====== Data shown
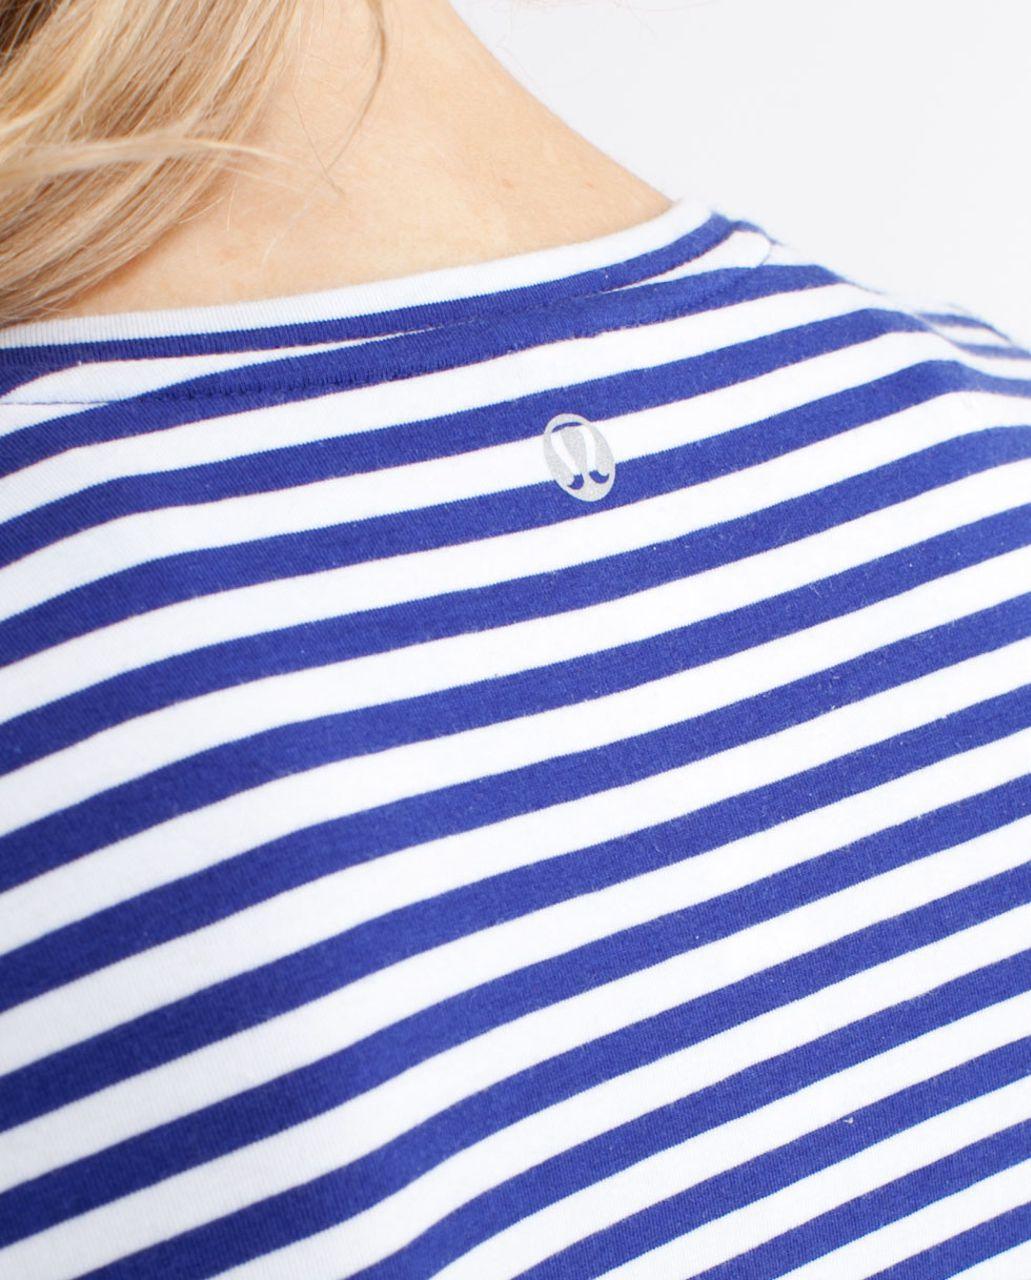 Lululemon Lively Crewneck Tee *Vitasea - Pigment Blue White Narrow Bold Stripe
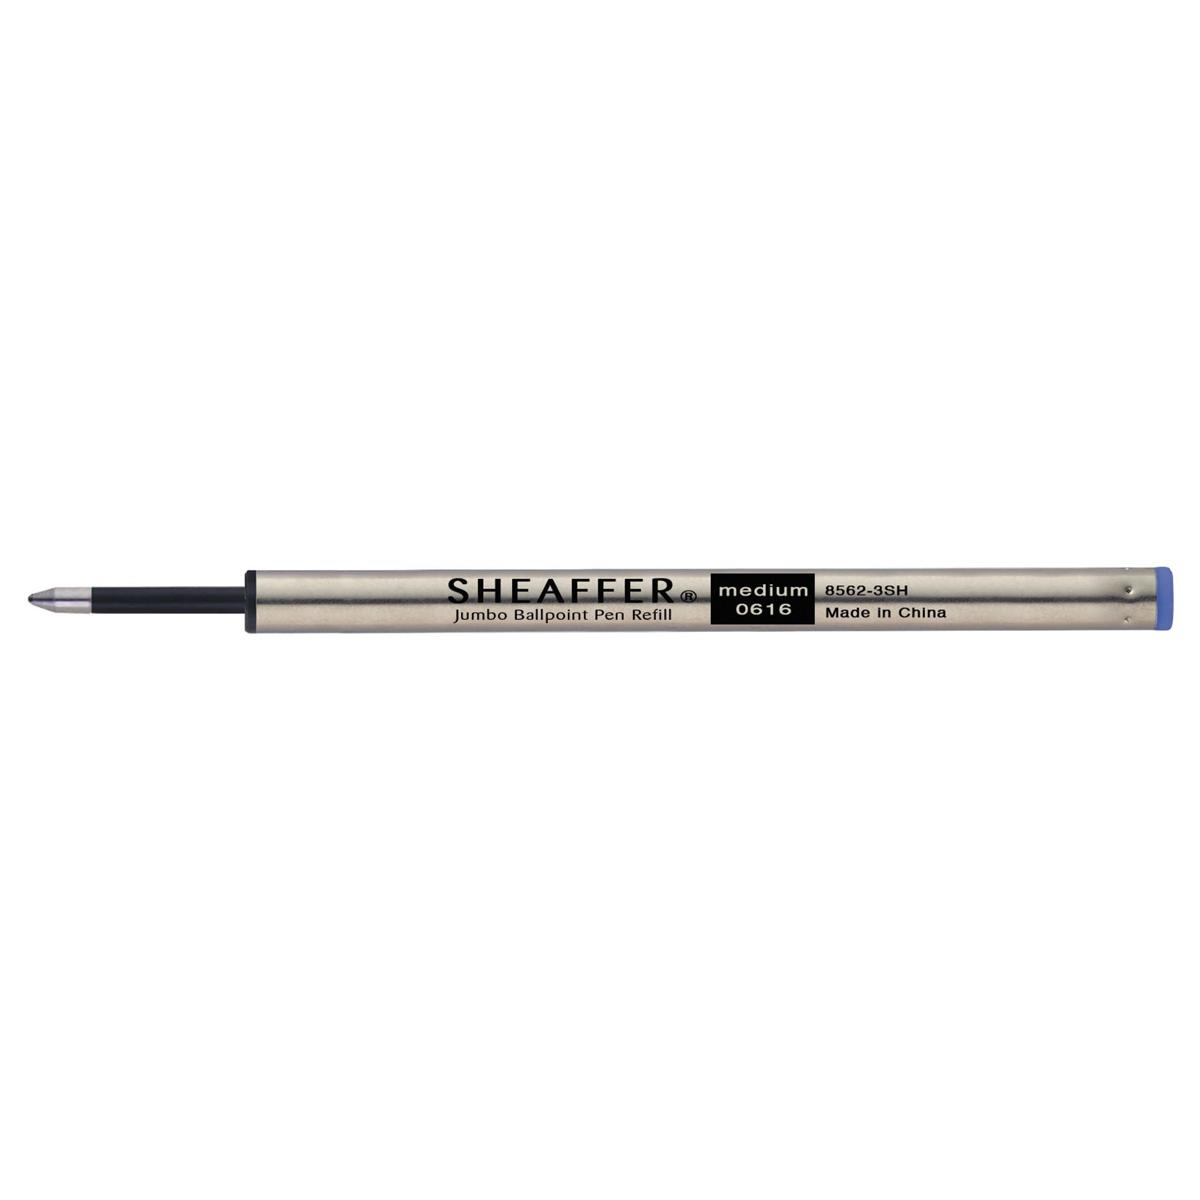 Carga Esfero Jumbo Azul para caneta Cross  e Sheaffer 8562-3SH
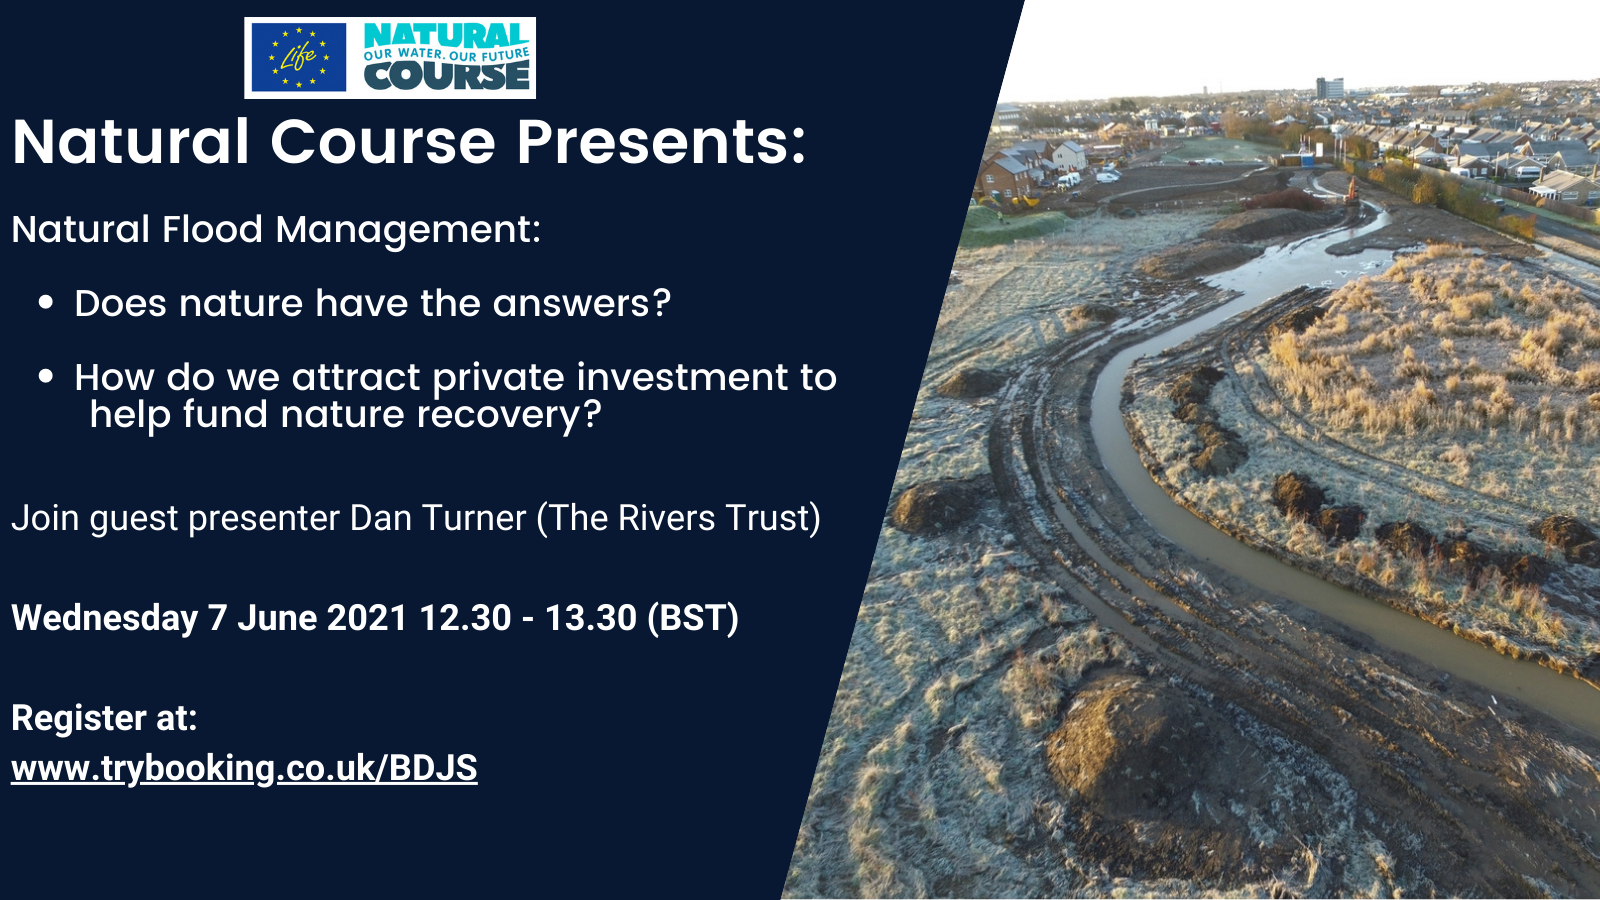 Natural Course Presents: Natural Flood Management
============
Write out the whole listing exactly. Pictures stay out.

 Lululemon Lively Crewneck Tee *Vitasea - Pigment Blue White Narrow Bold Stripe
 Carga Esfero Jumbo Azul para caneta Cross  e Sheaffer 8562-3SH
 Natural Course Presents: Natural Flood Management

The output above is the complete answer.